Supplied material below:

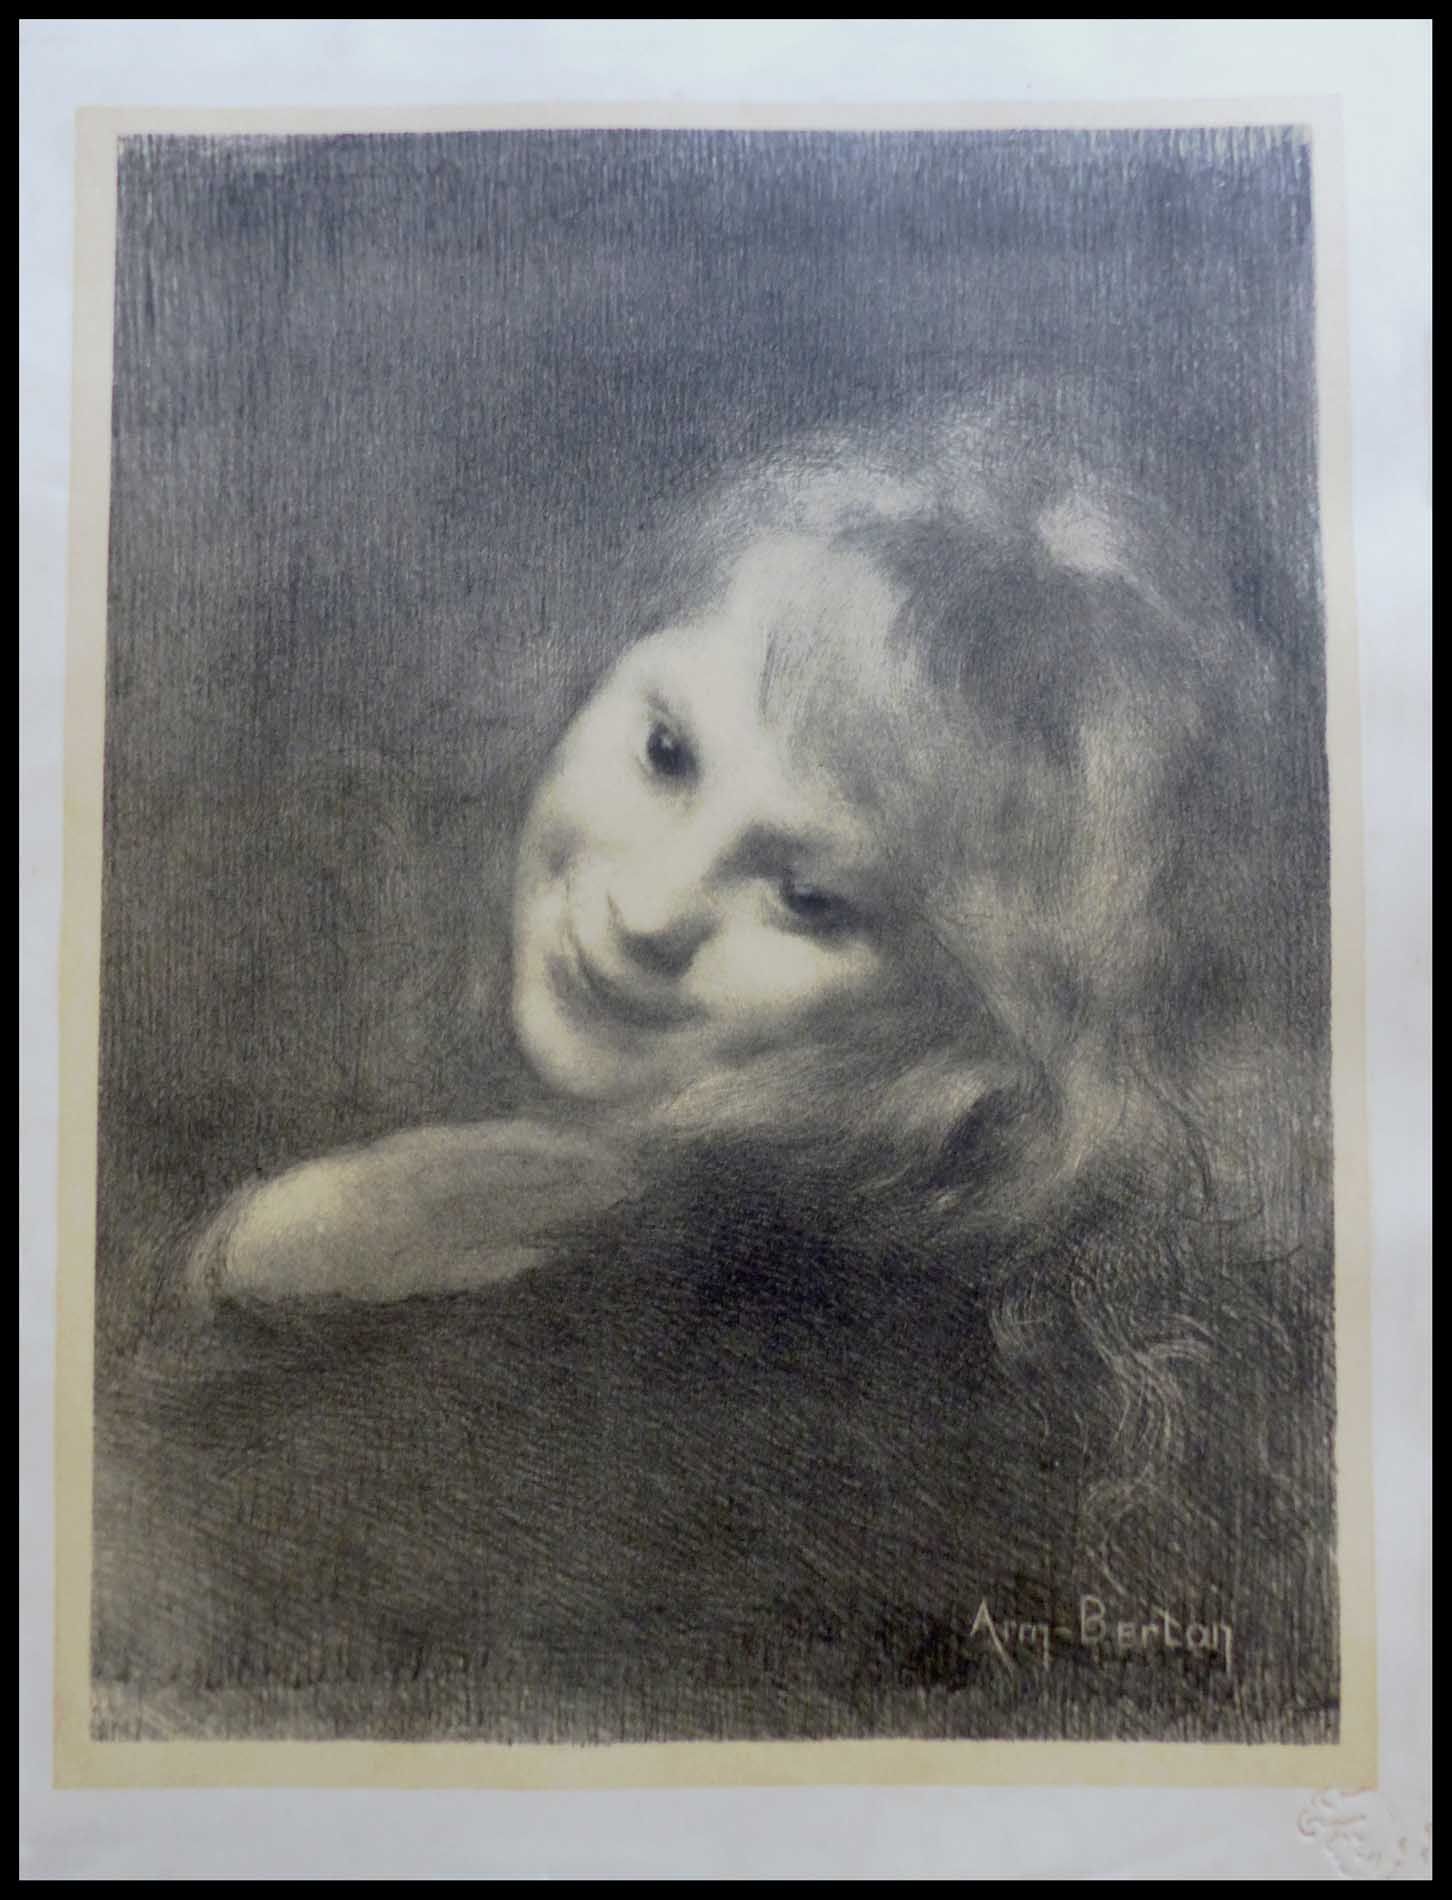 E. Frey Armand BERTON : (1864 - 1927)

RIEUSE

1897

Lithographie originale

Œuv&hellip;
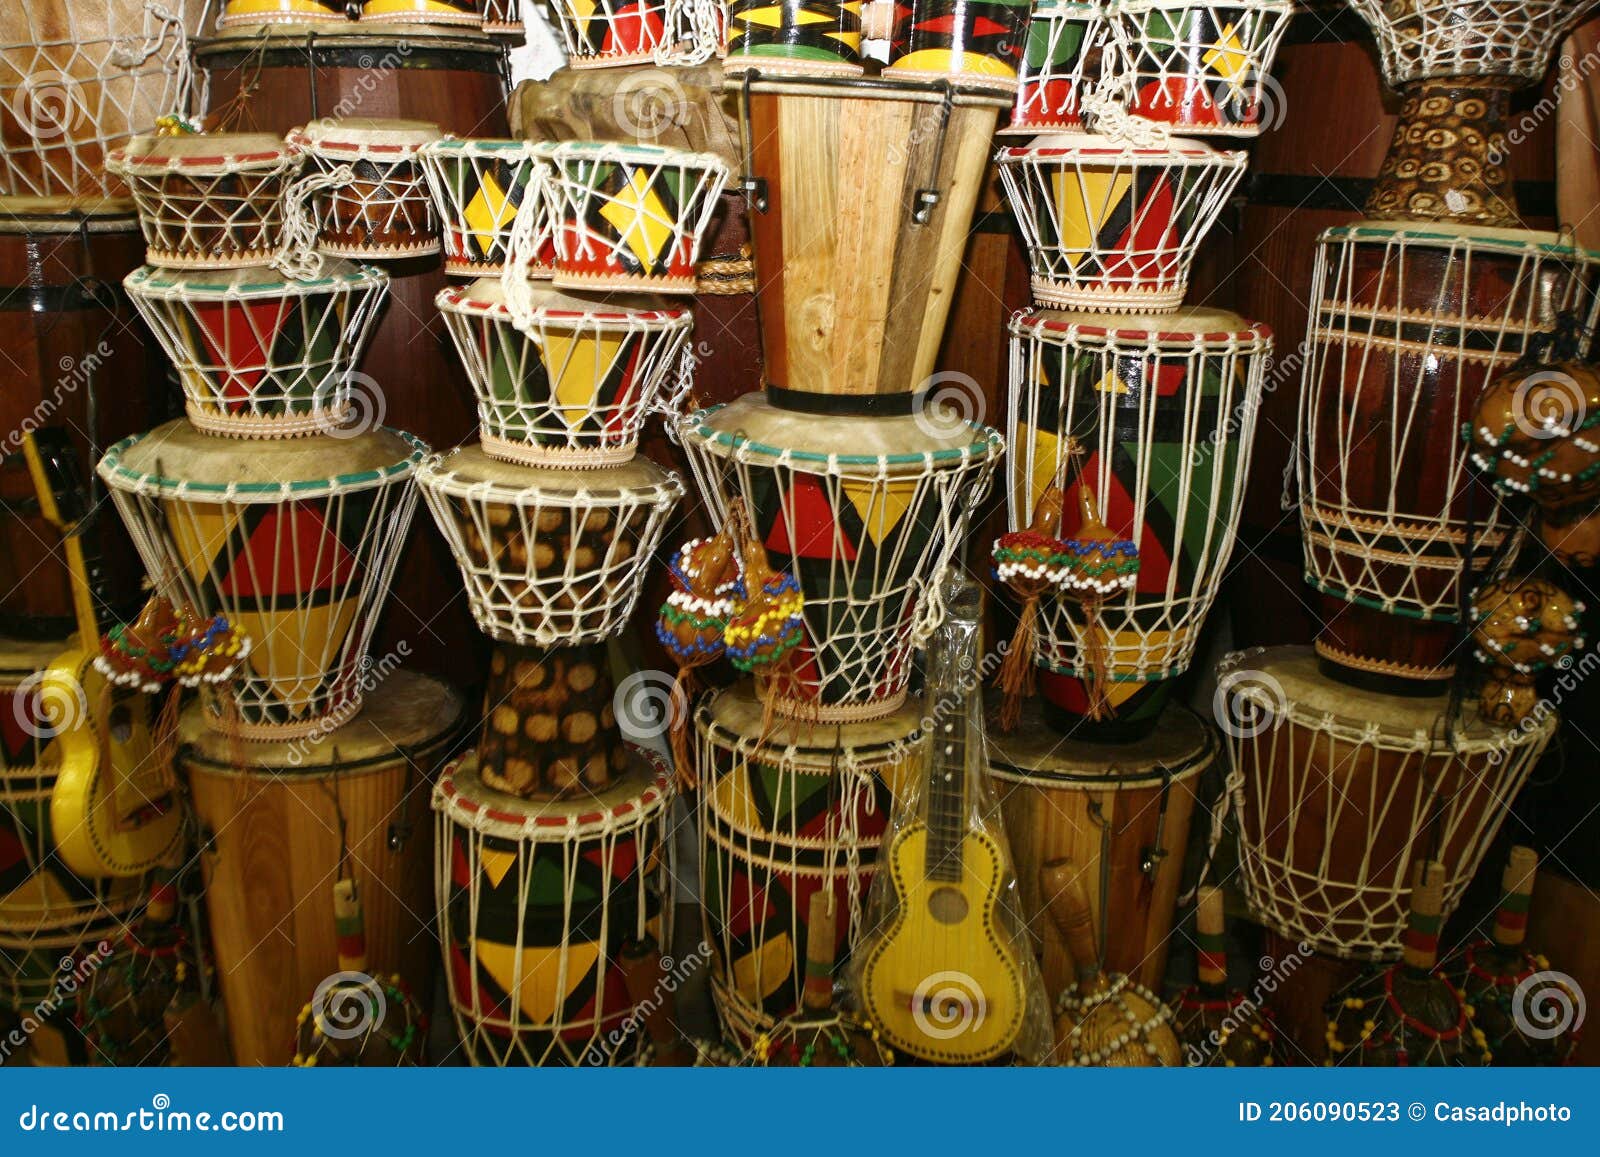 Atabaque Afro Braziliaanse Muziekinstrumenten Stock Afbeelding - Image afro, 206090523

End of Supplied material.
Supplied material below:

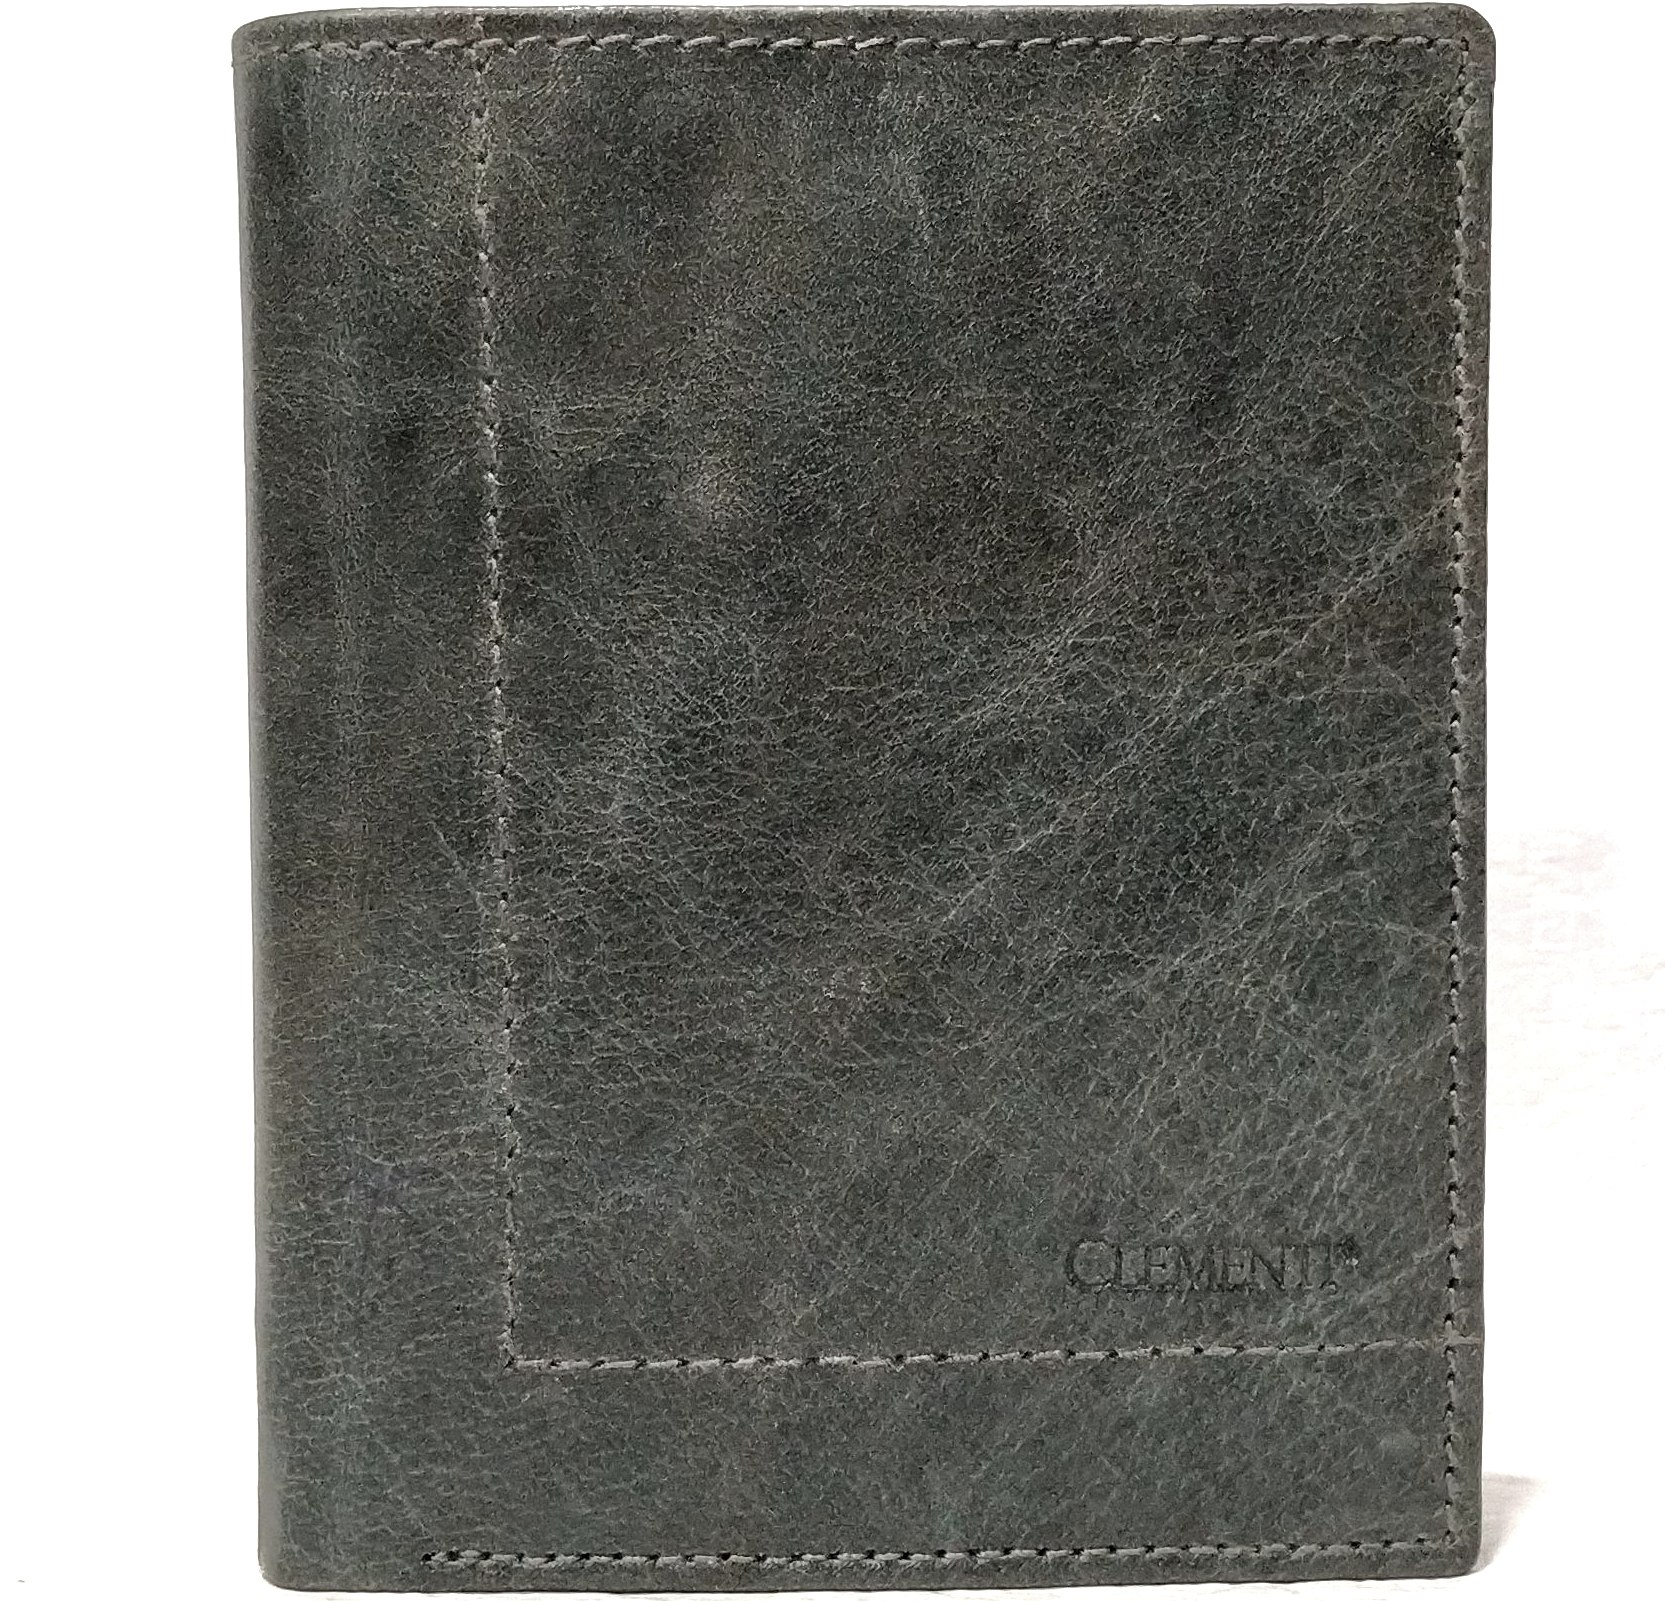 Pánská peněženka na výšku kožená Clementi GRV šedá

End of Supplied material.

Exercise: Pictures are to be left out. Write out only the lines above starting at the one with "E. Frey Armand BERTON : (1864 - 1927)" and ending at the one with "Atabaque Afro Braziliaanse", both lines included, exactly.

Exercise output:
 E. Frey Armand BERTON : (1864 - 1927)

RIEUSE

1897

Lithographie originale

Œuv&hellip;
 Atabaque Afro Braziliaanse Muziekinstrumenten Stock Afbeelding - Image afro, 206090523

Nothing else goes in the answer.